Wednesday, December 4, 2013

R.I.P.: Seattle Broadcasting Pioneer Lloyd Cooney

Lloyd Cooney
Long before partisan cable news, KIRO-AM/TV President Lloyd Cooney sat arrow-straight before the camera to deliver editorials about family values and limited government, making him a polarizing figure in Seattle.

Most viewers never met the man behind the scenes, a motorcyclist and skydiver who shoved local news toward the future.

Mr. Cooney died Nov. 25. He was 90, according to The Seattle Times.

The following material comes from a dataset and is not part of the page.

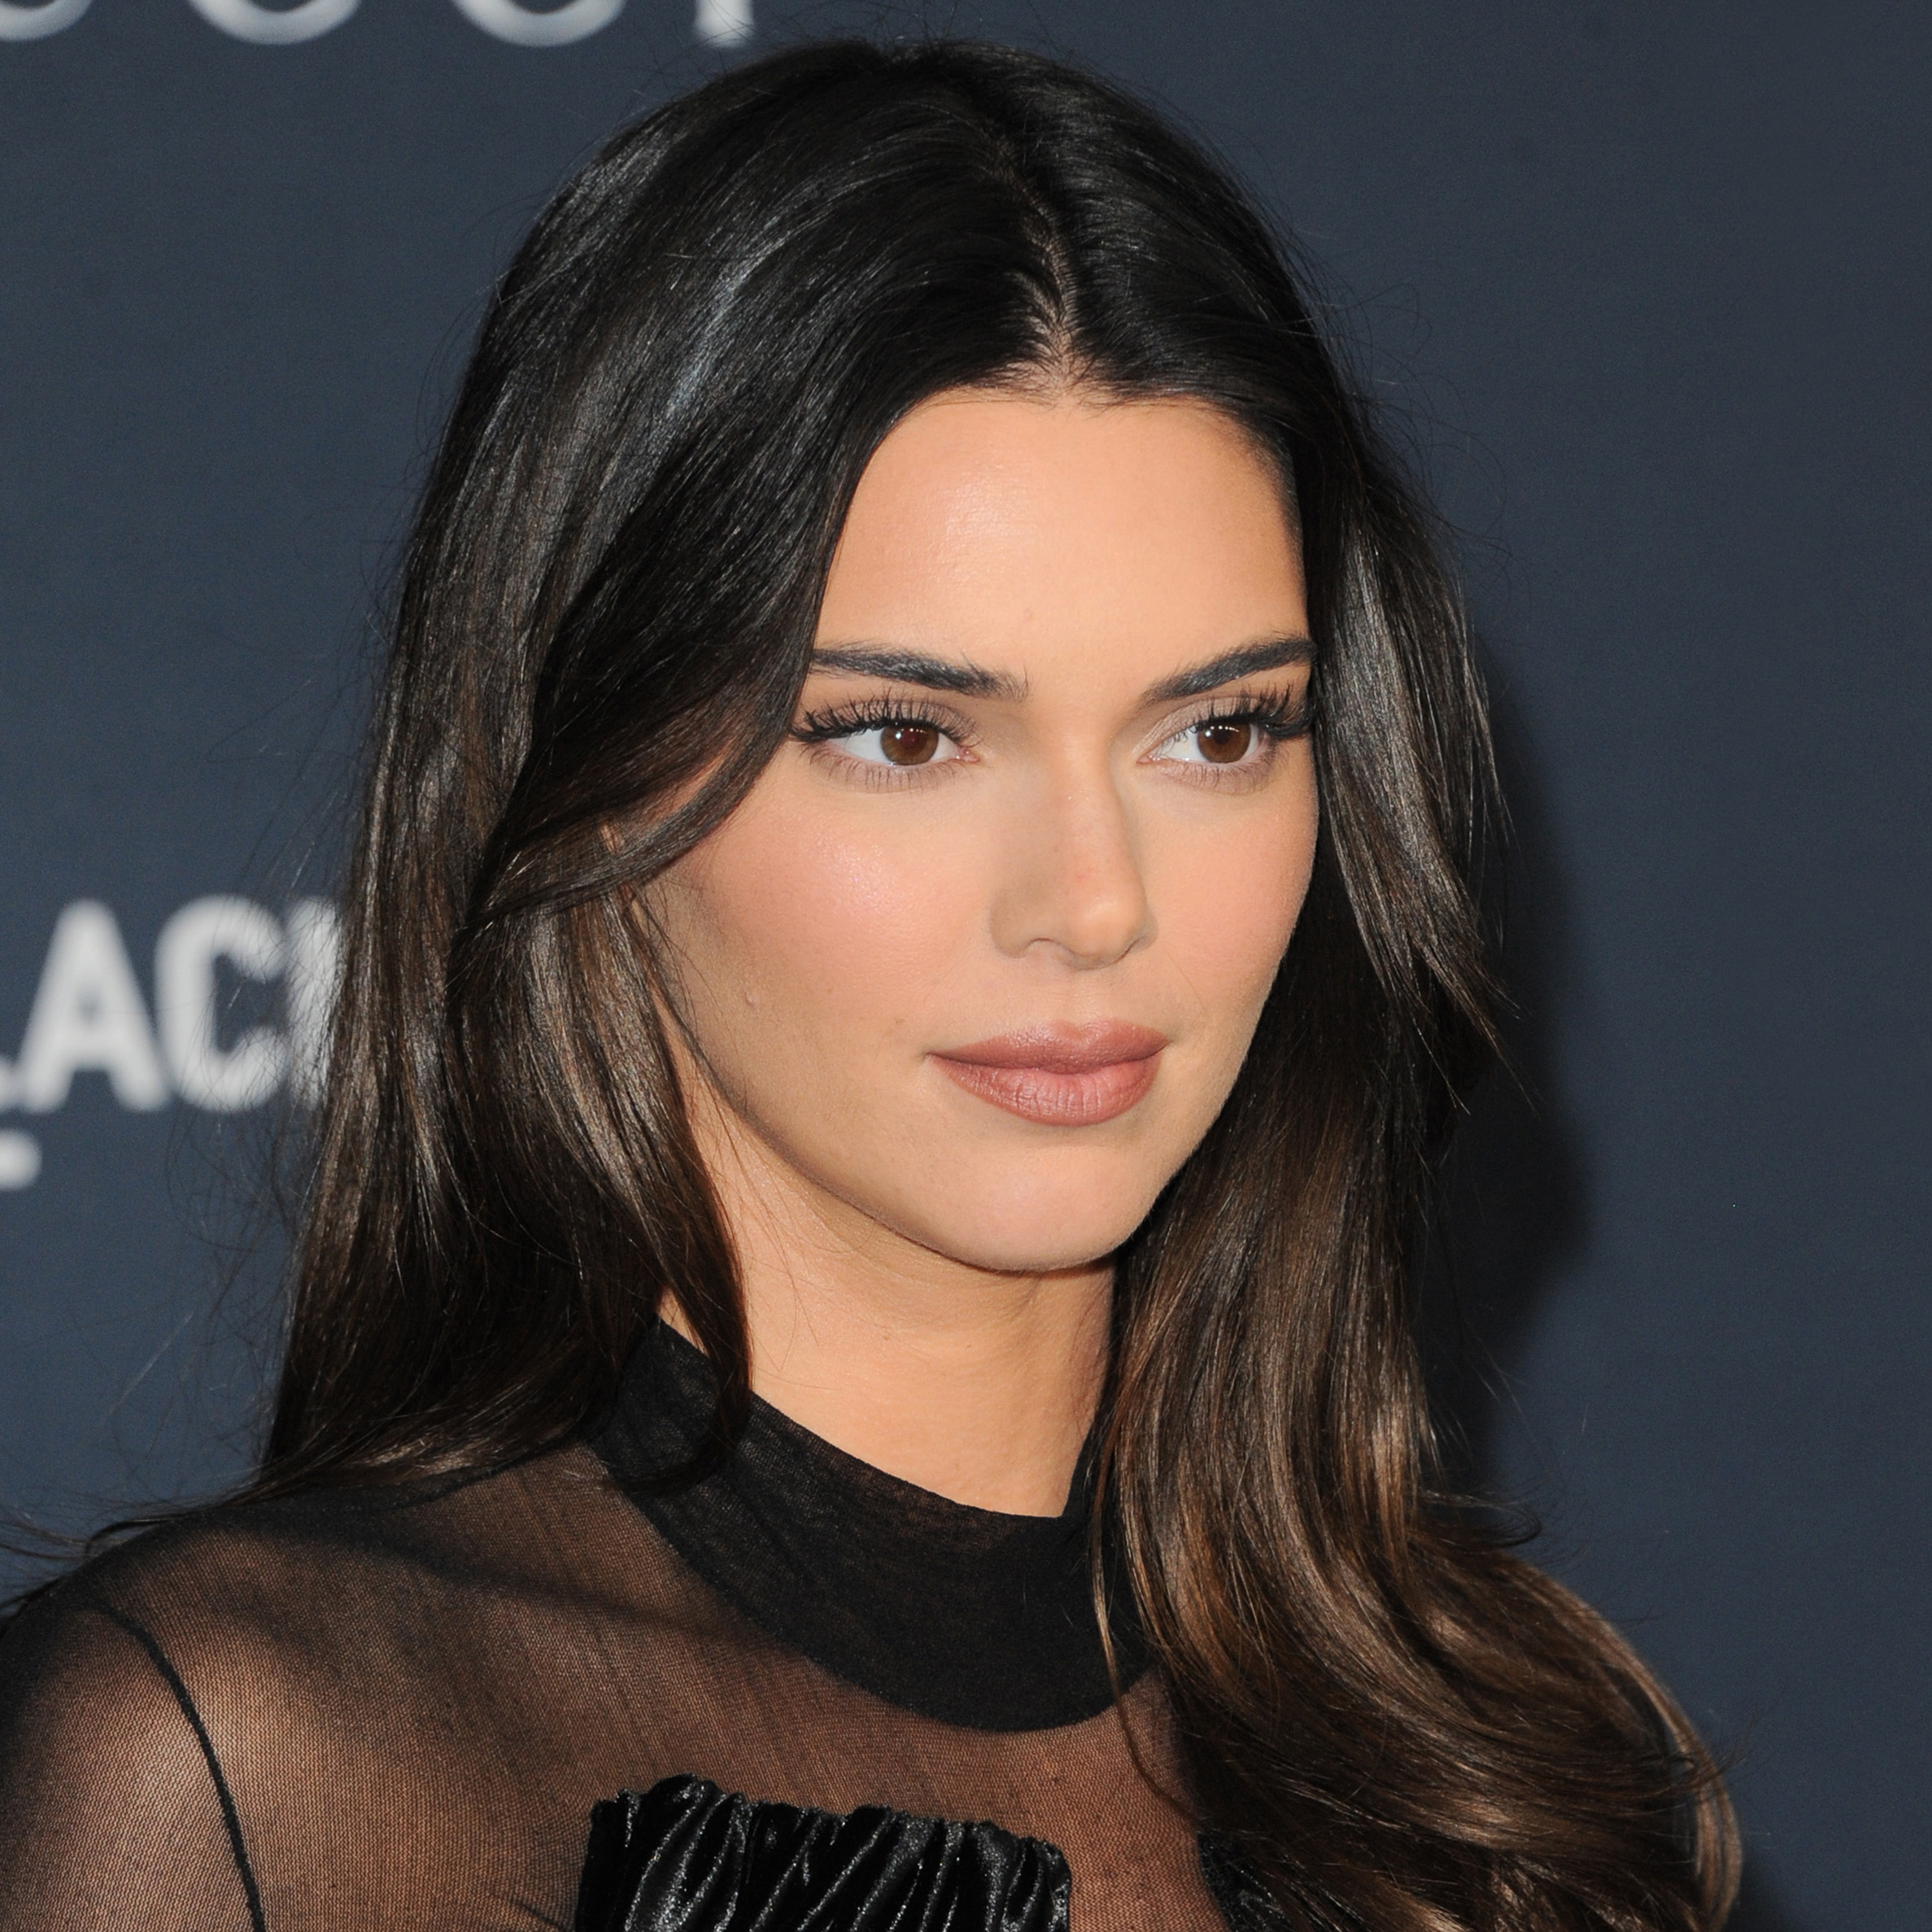 Kendall Jenner named new global ambassador for L'Oréal Paris

In 1969 he adopted the “Eyewitness News” format, where anchors and field reporters appeared live, using microwave transmissions. KIRO was among the earliest to use videotape instead of film, and deployed helicopters for television and radio-traffic reporting, said Mr. Cooney’s longtime colleague, Ken Hatch. Walter Cronkite criticized the bantering Eyewitness News format, to which Mr. Cooney replied that ratings growth at stations like KIRO “should say something to Cronkite.”

He served as a paratrooper with the 82nd Airborne during World War II, where he fought in the Battle of the Bulge. He married Betty in 1946. He died 19-days after his wife.

After years as general manager at KSL-TV in Salt Lake City, Mr. Cooney came to KIRO in 1963. The station was third in the market, so he started a campaign to create buzz and win viewers, and his editorials were part of that, his daughter said.